You’ll need some headphones
Like many Genesis fans, I’m a huge fan of soundtracks from the excellent game library. So how does sound quality fare on the Sega Genesis Nomad? Well, without headphones, it’s a bit rough. The little speaker is serviceable but not great-your favorite rockin’ tracks will sound sort of muffled coming through it. Plug in headphones, though, and you’re good to go! I’ve been cranking the volume while playing Sonic 2 late into the night before falling to sleep, and between the nice screen brightness and headphone sound quality, it’s the authentic Sonic 2 experience.
You’ll get far superior sound from the Switch speakers, but you probably could’ve deduced that for yourself!
There’s an AV-out jack on the top of the Nomad. What that means is you can connect this beast to your TV and essentially have a functioning “regular” Genesis! I picked up a sweet HD Retrovision Genesis cable for this, and the picture seriously looks stunning on my TV. There’s a reason the handheld is called the Sega Genesis Nomad-it really has the full power of the Genesis in handheld form. You’ve gotta see it to believe it! And hey, HD Retrovision cables are cheaper than a Switch dock. Genesis does what Nintendon’t! (kind of)
The only drawback to TV play is that the Nomad must serve as the first player controller, unless you mod it. You can connect a player 2 controller to the bottom of the system, which is very cool, and works in both handheld and TV mode. If you want to do so, I’d strongly recommend the 8bitdo M30 2.4 G Genesis controller. It’s wireless and has virtually no lag, even when needing pinpoint precision for tricky Sonic jumps. Though this setup probably isn’t something you’d often do, it’s still pretty cool to play a two-player Genesis cart from a handheld like this!
And this is just the beginning…
There are a plethora of modifications you can make to your Sega Genesis Nomad. A permanent battery pack. Better screens. Better audio chips. Using an actual controller for single player during TV play! This is all far beyond my technical prowess, but plenty of resources can be found online. It gets pretty pricey, pretty fast, but check out this guide on how to “build the Ultimate Sega Nomad” if you want to see the potential glory!

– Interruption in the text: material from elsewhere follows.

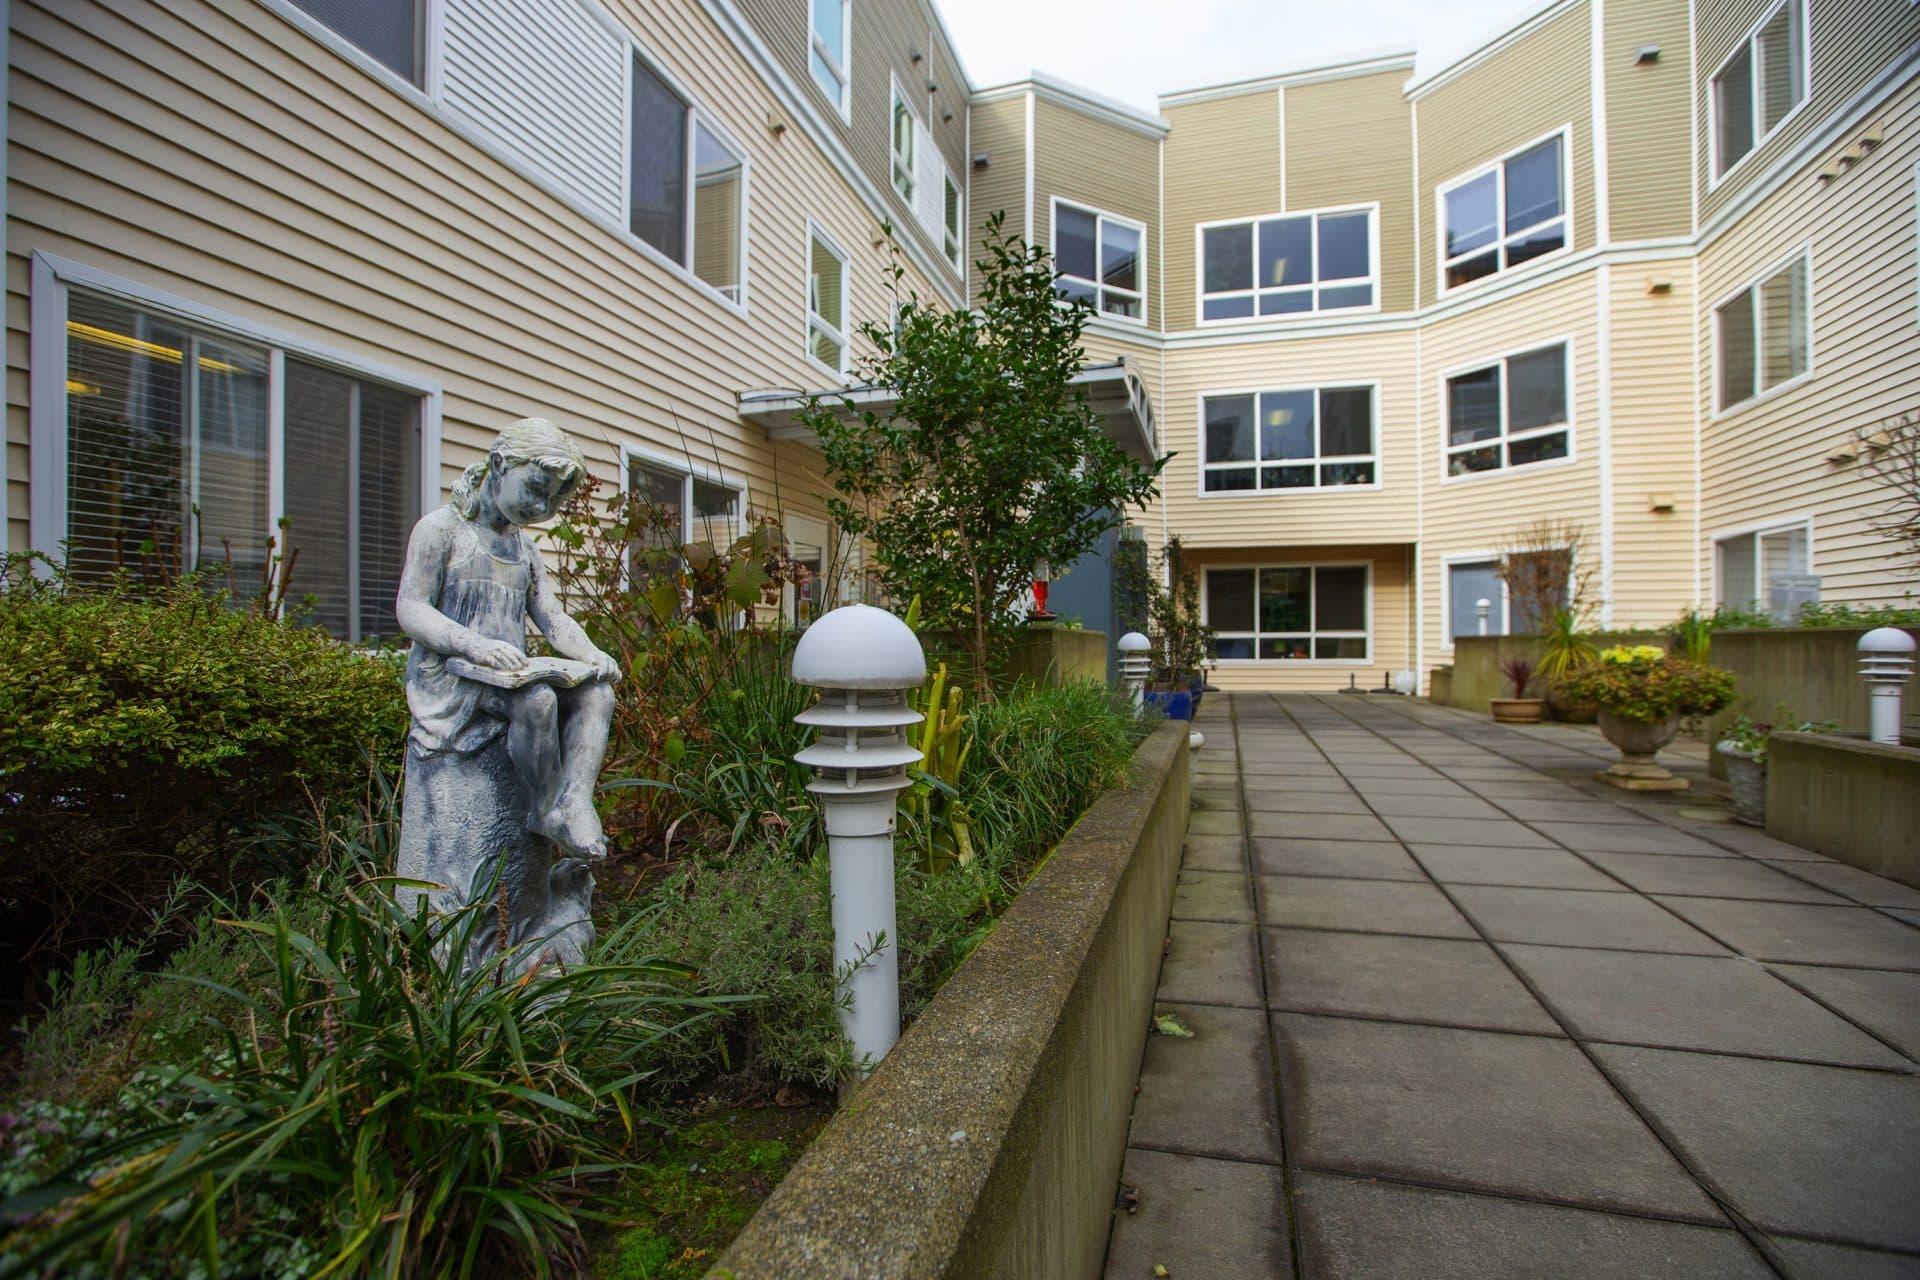 Ashwood Court es un complejo de viviendas de bajos ingresos para personas mayores en el centro de Bellevue, Washington (Mike Siegel para WBUR)

Should you buy a Sega Genesis Nomad in 2021?
Without mods, the Nintendo Switch is clearly the far-superior hardware here. But I was pretty delighted to find that the Nomad puts up a decent fight for being 25 years old, and can play your entire Genesis library!
Nomad prices are pretty high, though, so it’s tough to recommend unless you’re quite the Sega enthusiast. If you fall into the camp of being a Sega Genesis superfan and collector, and can find a reasonable deal on a fairly minty one, then I’d say go for it! (check out my tips for buying retro games on eBay if you need some help). Similar to the recent Mario Bros. Game & Watch, the Sega Genesis Nomad is not only a neat piece of history and collector’s item, but also comfortably functional and a blast to play. I’m still astonished at how well it holds up in 2021!